Но живут в этом доме… Что и говорить – крупно повезло человеку. Весь Залинейный район без крыши над головой остался, а тут – даже стекла оконные не полопались.
Открылась дверка «Кадиллака», и вылез из-за руля мужик. Здоровый мужик, молодой, в себе уверенный, а главное – с глазами наглыми-пренаглыми. Еще бы: будешь тут скромным, раскатывая пусть не на своем, но все-таки на лимузине! Прошел двором, достал из кармана бумажку, взглядом по ней скользнул и в дверь по-хозяйски постучался.
– Алло, тут такой Василь Захарыч Щедрин живет?
А из-за двери ему – голос стариковский:
– Прошу вас, не заперто…
2
Проснулся Иван, приподнялся на кровати, головой мотнул, неприятное видение отгоняя. Взглянул на часы – лишь минут сорок, оказывается, поспал. Поднялся, поставил чемодан на койку, тетрадку в фиолетовой клеенчатой обложке достал.

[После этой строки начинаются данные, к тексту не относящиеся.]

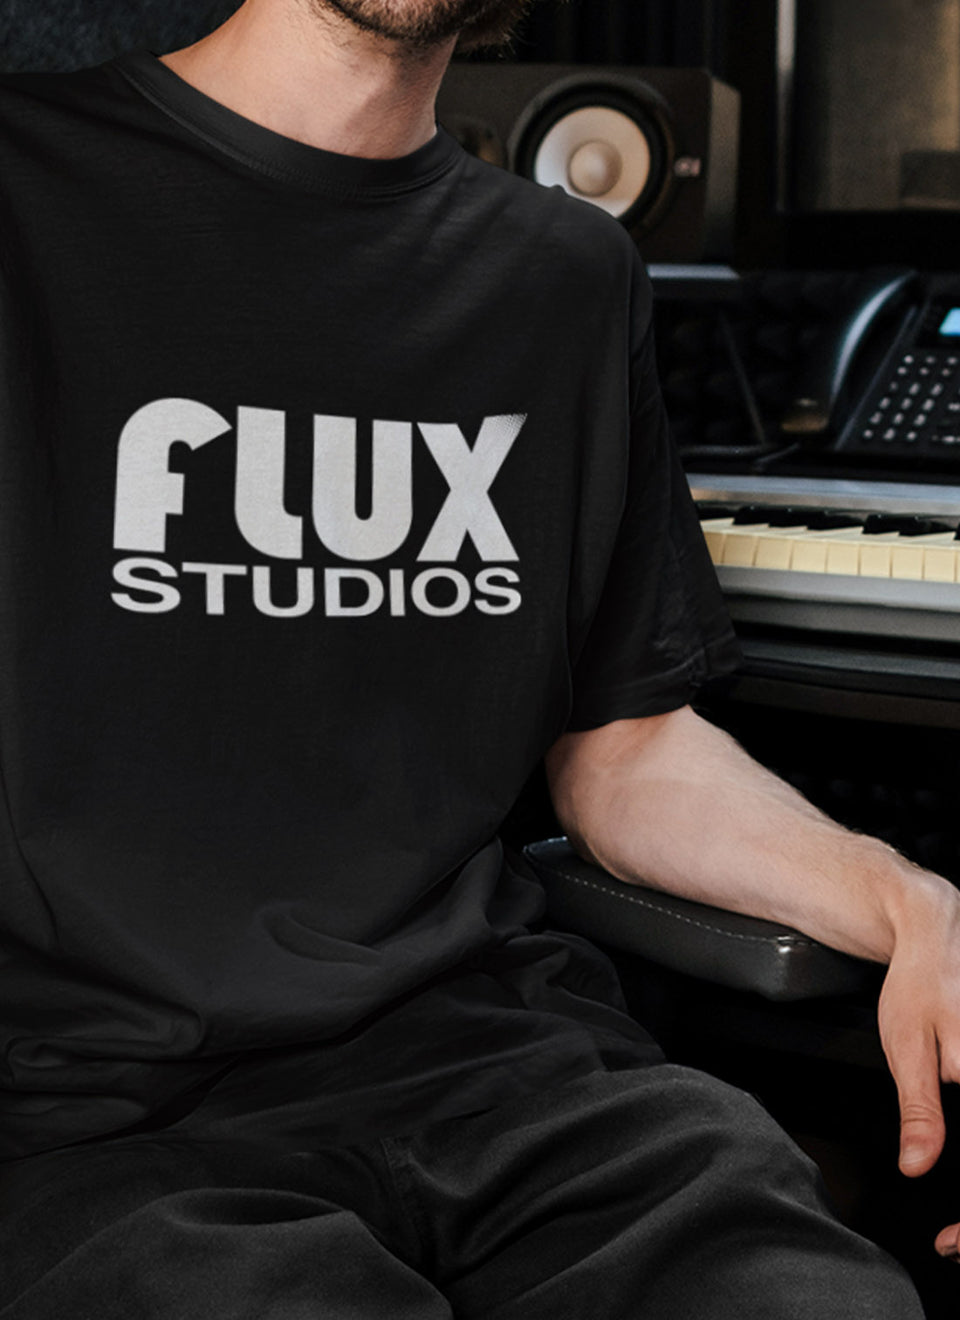 Flux Studios Logo

В графе «Кредит» Валера Титов под первым номером стоит. Подумал Зарубин, взял карандаш и дважды фамилию-имя друга покойного подчеркнул. И решил сегодня же, как с кладбища вернется, собственным расследованием заняться. Чтобы наконец правду выяснить. Чтобы имя свое честное восстановить.
3
Наглоглазый, на хомуталинском «Кадиллаке» приехавший, прошел в дом. Без «здрасьте», без приглашения уселся в кресло. Закурил, затянулся глубоко и на хозяина посмотрел скучающе.

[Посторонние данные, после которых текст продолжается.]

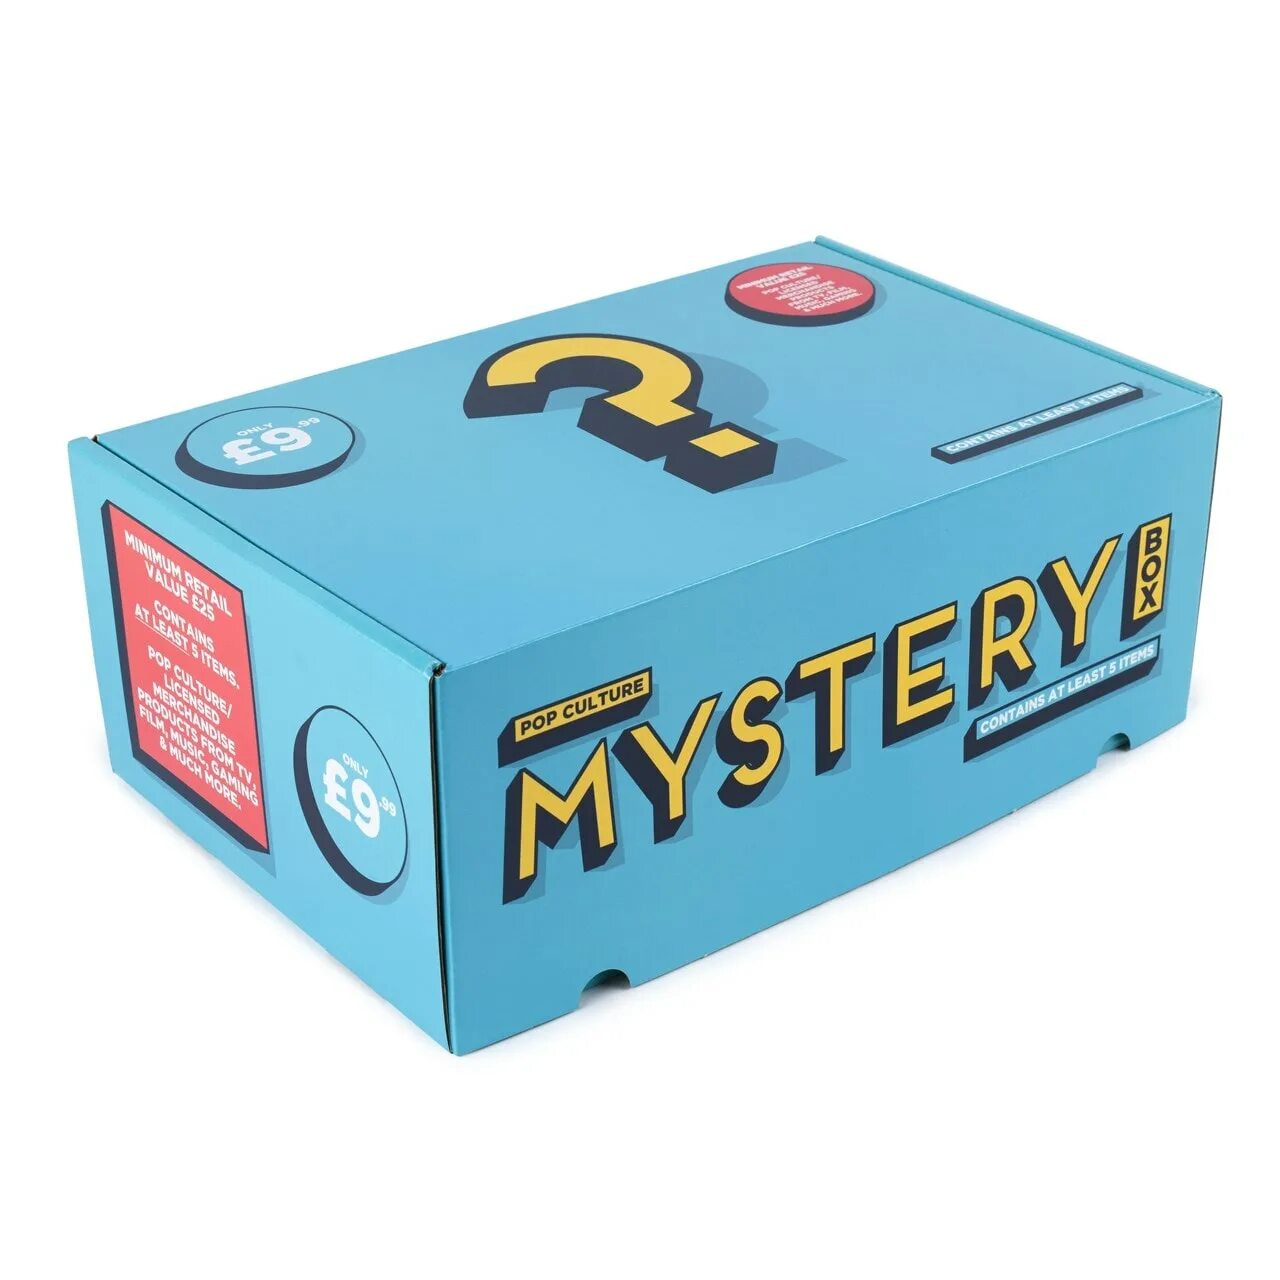 Mystery Box игрушки. Mystery Box фото. Игровая приставка Mystery Box. Mystery Box Pop Culture.

Немолод хозяин дома уцелевшего. Лет восемьдесят ему на вид, а то и больше. Высок, строен, в брюках отутюженных, в черной жилетке поверх синей сорочки. Глаза голубые, прозрачные, чуть слезой тронутые. Очки старомодные. Морщины глубокие. Лицо доброжелательное.

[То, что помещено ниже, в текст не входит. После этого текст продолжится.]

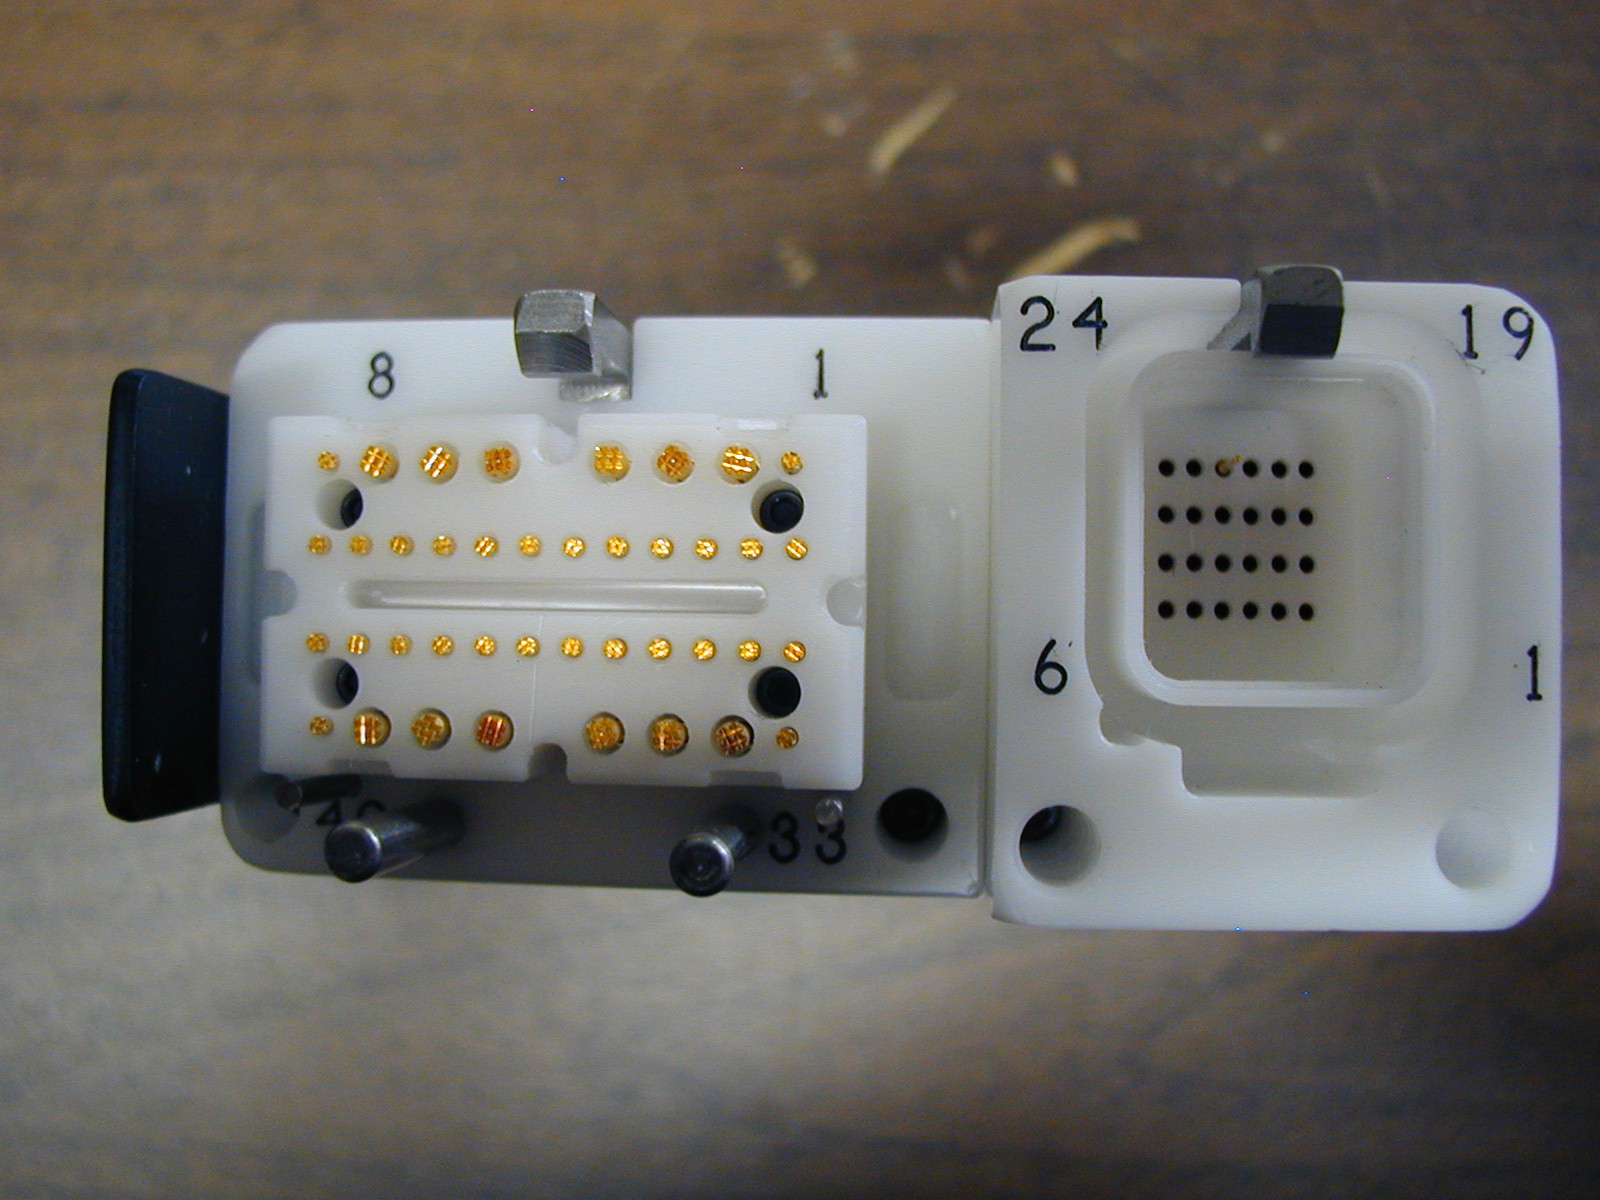 Test Plug example. 2in1 plug - 40way and 24way

– Вы ко мне, молодой человек?
– Короче, я от Петра Владимировича Хомуталина.
– От Пети, значит, – улыбнулся хозяин.
Нахмурился гость, но Василий Захарович, вопрос предвосхищая, продолжил:
– Он ведь у меня в школе учился. Я у него несколько лет классным руководителем был. И что же Пете от меня понадобилось?
– Петр Владимирович – депутат Государственной думы. Я его помощник, он меня сюда и прислал. И вот с чем: Залинейный район после пожара идет под снос. Целиком. И этот дом, – наглоглазый притопнул ногой по полу, – тоже.
– Позвольте узнать почему… – начал было хозяин, да не успел вопроса задать: опередил его порученец.
– Да, он в курсах, что дом этот – частное владение. Предлагает срочно переехать в однокомнатную квартиру, а дом с приусадебным участком пустить под снос.
– А для чего, позвольте узнать, ваш хозяин Залинейный район сносить собирается?
– Центр развлекательный тут будет. Павильоны разные с игральными автоматами, концертный зал, рюмочные всякие, где бухнуть можно задешево в любое время. Если получится – что-то вроде Диснейленда организуем.
– Что ж… Я рад за Петю. Рад, что дела у него хорошо идут. Рад, что о горожанах наших заботится… пусть даже и так своеобразно. Как-как вы сказали? Рюмочные, где бухнуть можно? Это в смысле выпить?
– Угу.
– Но вот только в одном Петю понять не могу: почему, предлагая мне из моего собственного дома выселяться, он моего согласия на то не испрашивает?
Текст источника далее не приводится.